I've already done a lot of searching (in particular: https://www.proofwiki.org/wiki/Injection_iff_Left_Inverse) to try to prove this statement:
$f: A \to B$ is injective if and only if it has a left inverse. [I'm going to also assume $A$ and $B$ are nonempty.]
My attempt so far:
$\Leftarrow$ Suppose $f$ has a left inverse and $f(a_1) = f(a_2)$ for
$a_1, a_2 \in A$. Then there is a function $g: B \to A$ such that
$g\left(f(a_1)\right) = a_1$ and $g\left(f(a_2)\right) = a_2$. Since
$g$ is well-defined, it follows that $g\left(f(a_1)\right) =
g\left(f(a_2)\right)$, and hence $a_1 = a_2$.$\Rightarrow$Now
suppose $f$ is injective.

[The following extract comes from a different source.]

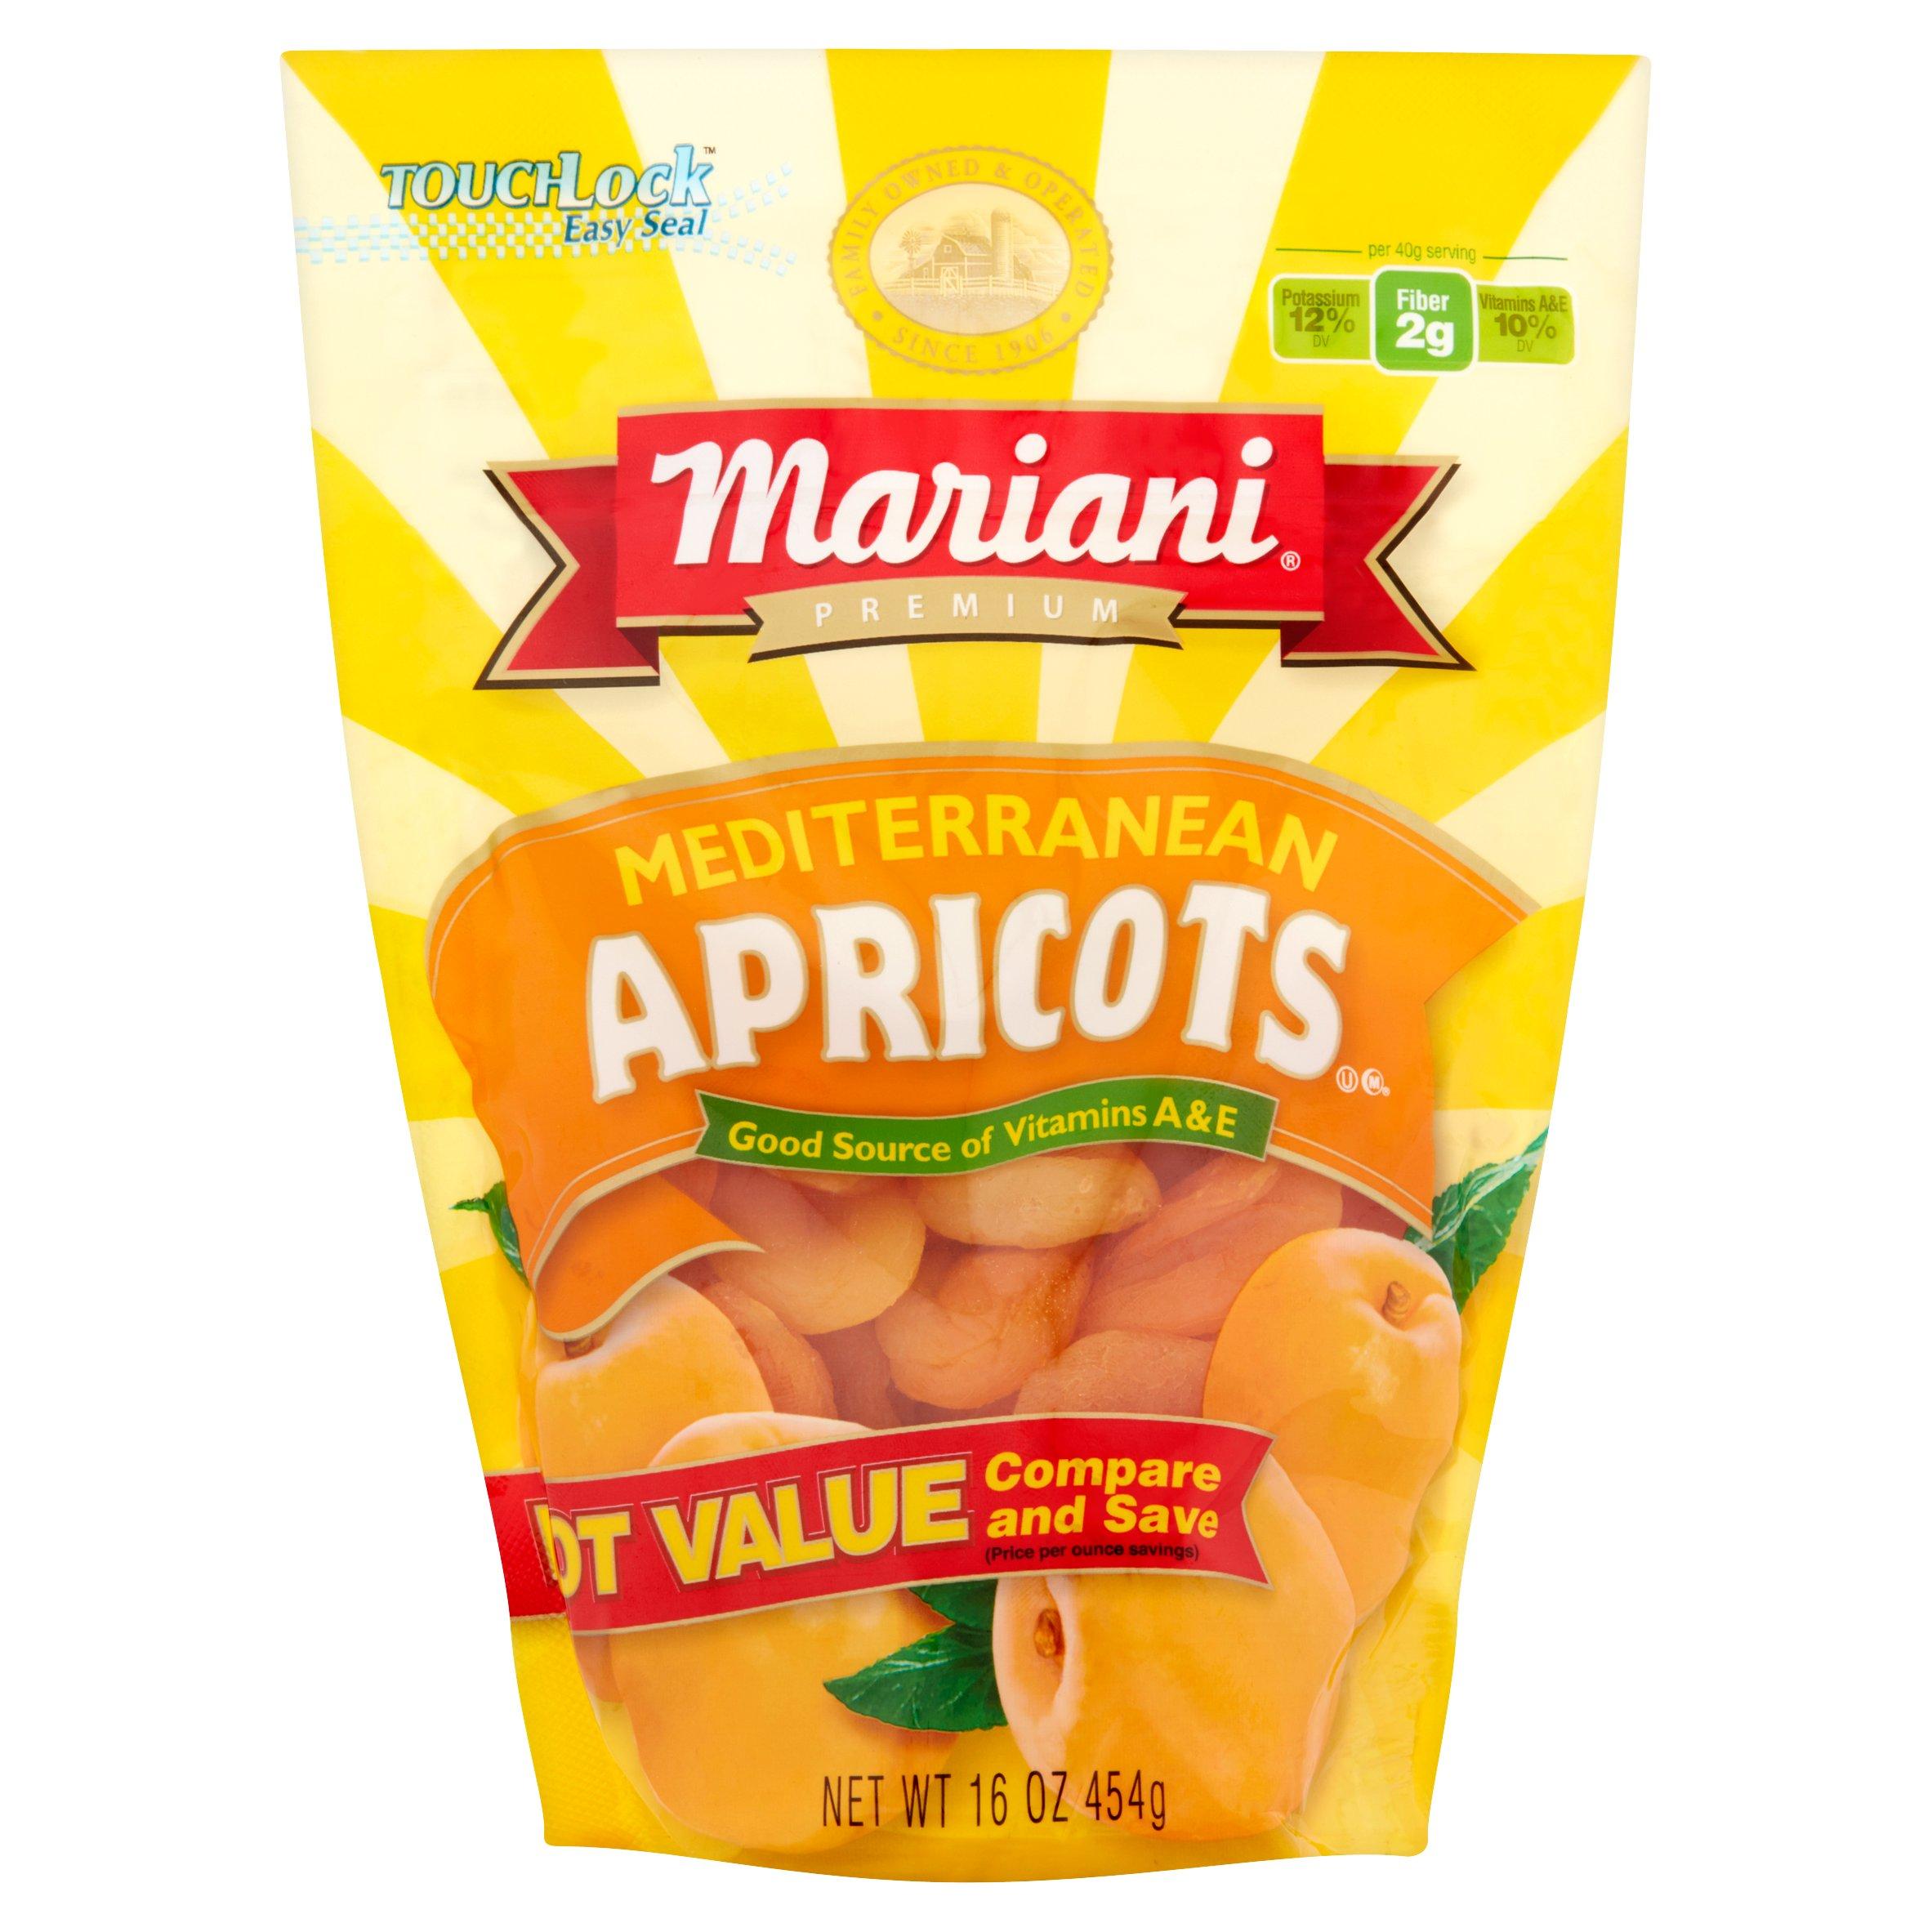 Mariani Mediterranean Apricots, 16 oz - Walmart.com

Then $f(a_1) = f(a_2) \implies a_1 = a_2$.
Furthermore, since $A$ is nonempty, there is an element $x \in A$.
Define $g: B \to A$ by \begin{equation*} g(b) = \begin{cases}
f^{-1}(b), & b \in \text{Im}(f) \\ x, & b \in A \setminus
\text{Im}(f)\text{.} \end{cases} \end{equation*} This mapping is
well-defined, since if $f$ is injective, $f^{-1}(b)$ is unique.
My main question: does this imply that if $f: A \to B$ is injective that any mapping $g: \text{Im}(f) \to A$ is bijective? Otherwise, I don't understand why we can even use $f^{-1}$ on an element. [Please read the link above for more details – in proof 1.]
Best Answer
No. It only means that $f: A \to f(A) = {\rm Im}(f)$ is bijective. So you can consider the inverse, but with its domain restricted to the image of the initial function. So you can have more than one left inverse. The big theorem is that if exists both the left and right inverses, then they're equal. Any injective function is a bijection between its domain and its image. It is not true that any mapping $g: {\rm Im}(f) \to A$ is bijective.
In general you can't. Note that we only use $f^{-1}$ where it is well-defined, that is: in the image of $f$. It is well defined because $f$ is injective.
Let's do all the details. Formally, two functions are equal if and only if all the domains, codomains, and rules of association are equals. Let $f:A \to B$ be an injective function. Consider $\bar{f}:A \to {\rm Im}(f)$ be defined by $\bar{f}(x) := f(x)$, for all $x \in A$. I'm going to prove that $\bar{f}$ is bijective.
For injectivity, take $x,y \in A$ such that $\bar{f}(x) = \bar{f}(y)$. So: $$\bar{f}(x) = \bar{f}(y) \implies f(x) = f(y) \implies x = y,$$ this last step being because $f$ is assumed injective.
For surjectivity, let $y \in {\rm Im}(f)$. By definition of image, exists $x \in A$ such that $f(x) = y$. But that means that $\bar{f}(x) = y$, so $\bar{f}$ is surjective.